Appeals Court Overturns Child Solicitation Conviction, Citing Exclusion of Key Evidence
- Sam Orlando
- May 31
- 2 min read
Virginia court says jury should have heard full context of defendant’s post-arrest statement

Written by: Sam Orlando
HENRICO, VIRGINIA - A Virginia man’s conviction for soliciting a minor online has been overturned by the state’s Court of Appeals, which found that the trial court improperly excluded exculpatory statements he made during a police interview. The court’s ruling underscores the legal principle that juries must hear a complete version of a defendant’s statement—not just parts that support the prosecution’s case.
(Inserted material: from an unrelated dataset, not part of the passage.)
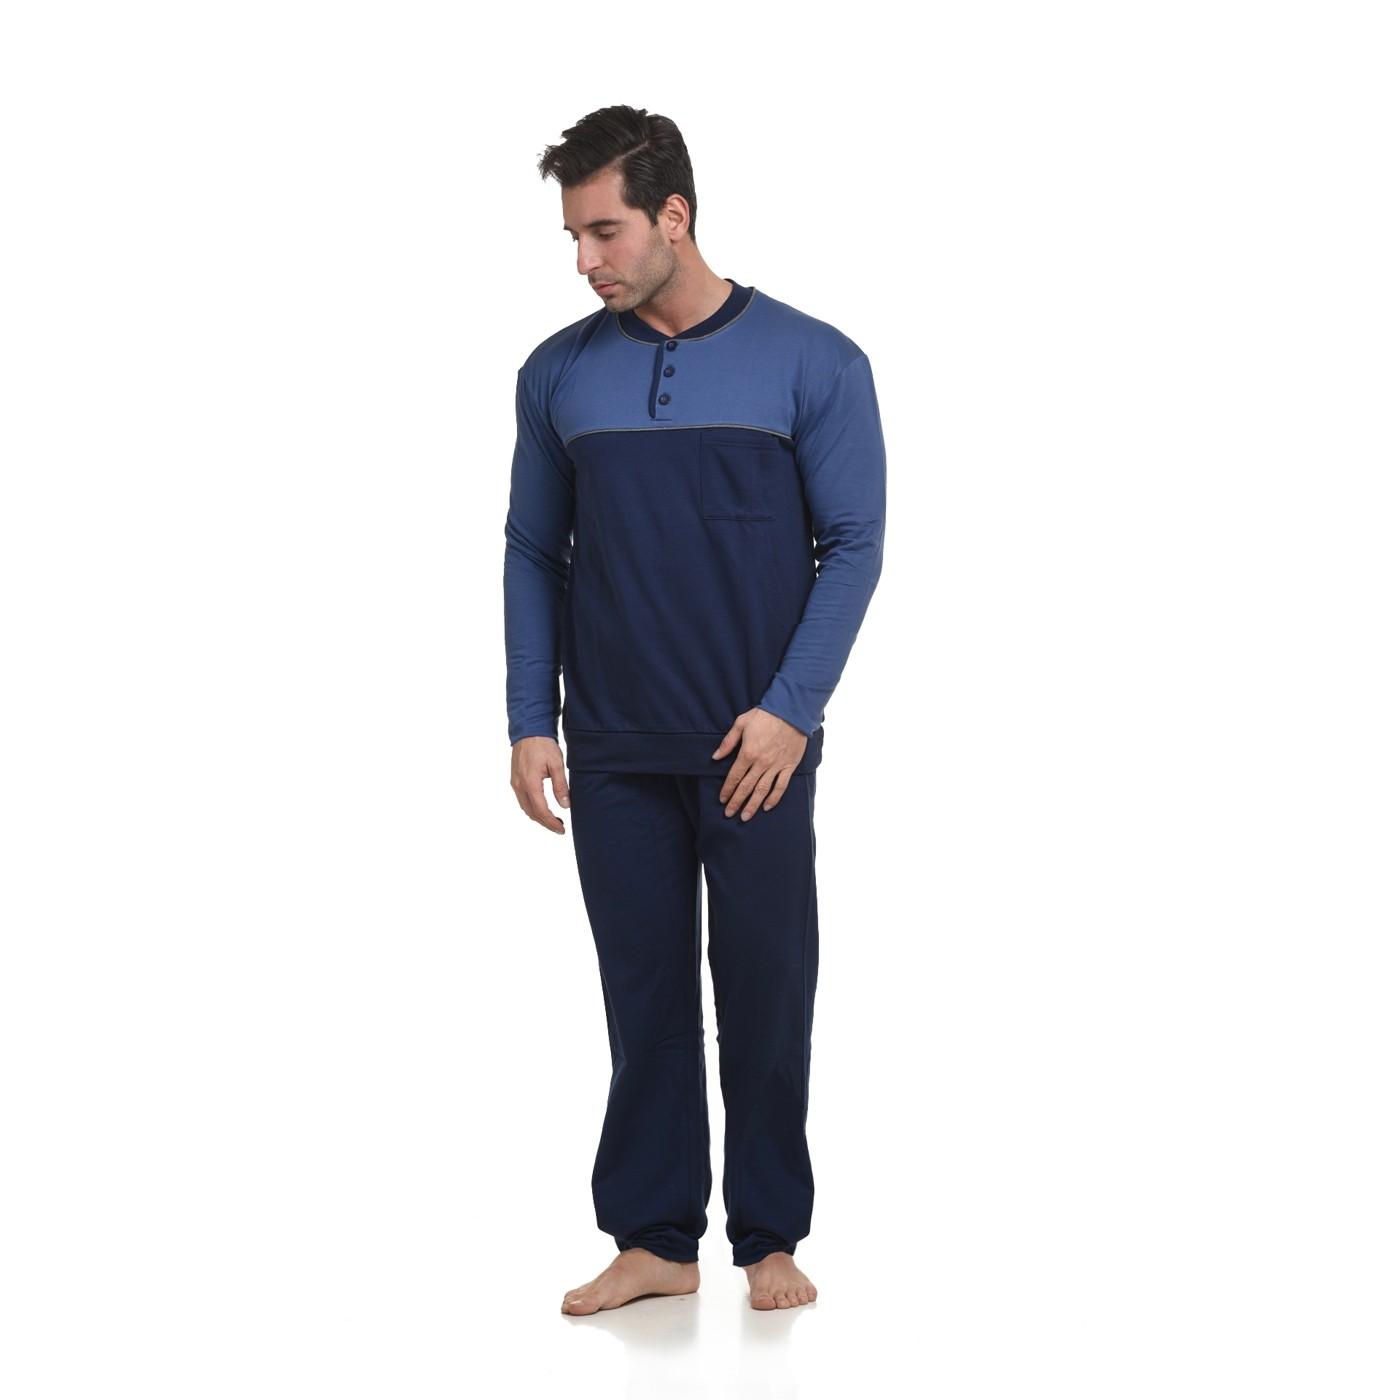 7f4d6e28d1f Ανδρική Πυτζάμα βαμβακερή φούτερ Max Μέγεθος με τσέπη -ΠΛΦ0106

James Thomas Curry, 32, was arrested in Henrico County in 2022 following a police sting operation in which an officer posed as a 14-year-old girl named “Kate” on the social app Skout. After exchanging flirtatious and sexually suggestive messages, Curry drove two hours to meet her at a Richmond-area mall, where he was arrested by police.
At trial, prosecutors highlighted Curry’s messages suggesting kissing, cuddling, and sex, and his admissions to police that he had known the girl was underage. However, they did not present portions of his post-arrest statement in which Curry claimed he was “playing a role” and intended only to warn the girl and alert her parents about the dangers of talking to older men online.
Curry’s defense argued that omitting those exculpatory remarks violated the rule of completeness—a principle in Virginia common law that requires jurors to hear both the incriminating and the potentially exonerating parts of a defendant’s statement when presented as evidence.
The trial court rejected that argument, ruling the statements about Curry’s intent were inadmissible hearsay. The jury convicted Curry of using a communication system to solicit a child under 15 for sexual acts, sentencing him to 10 years in prison, with five years suspended.
But in a published opinion released April 1, 2025, the Virginia Court of Appeals reversed the conviction and ordered a new trial. Writing for the court, Chief Judge Marla Graff Decker said the exclusion of Curry’s full statement was an error of law—and not a harmless one.
“When the prosecution offers only the incriminating part of a defendant’s statement, the defense must be allowed to present the remainder, even if it includes self-serving or hearsay elements,” Decker wrote.
The court emphasized that the excluded statements—about Curry’s claimed intent to protect the minor and contact her parents—were relevant to a central issue in the case: whether he acted with lascivious intent, as required under Virginia law.
The ruling does not exonerate Curry. The case now returns to the trial court, where prosecutors may pursue a retrial.
Beyond the immediate outcome, the decision reinforces legal safeguards that ensure juries hear a full account of events—not a selective narrative.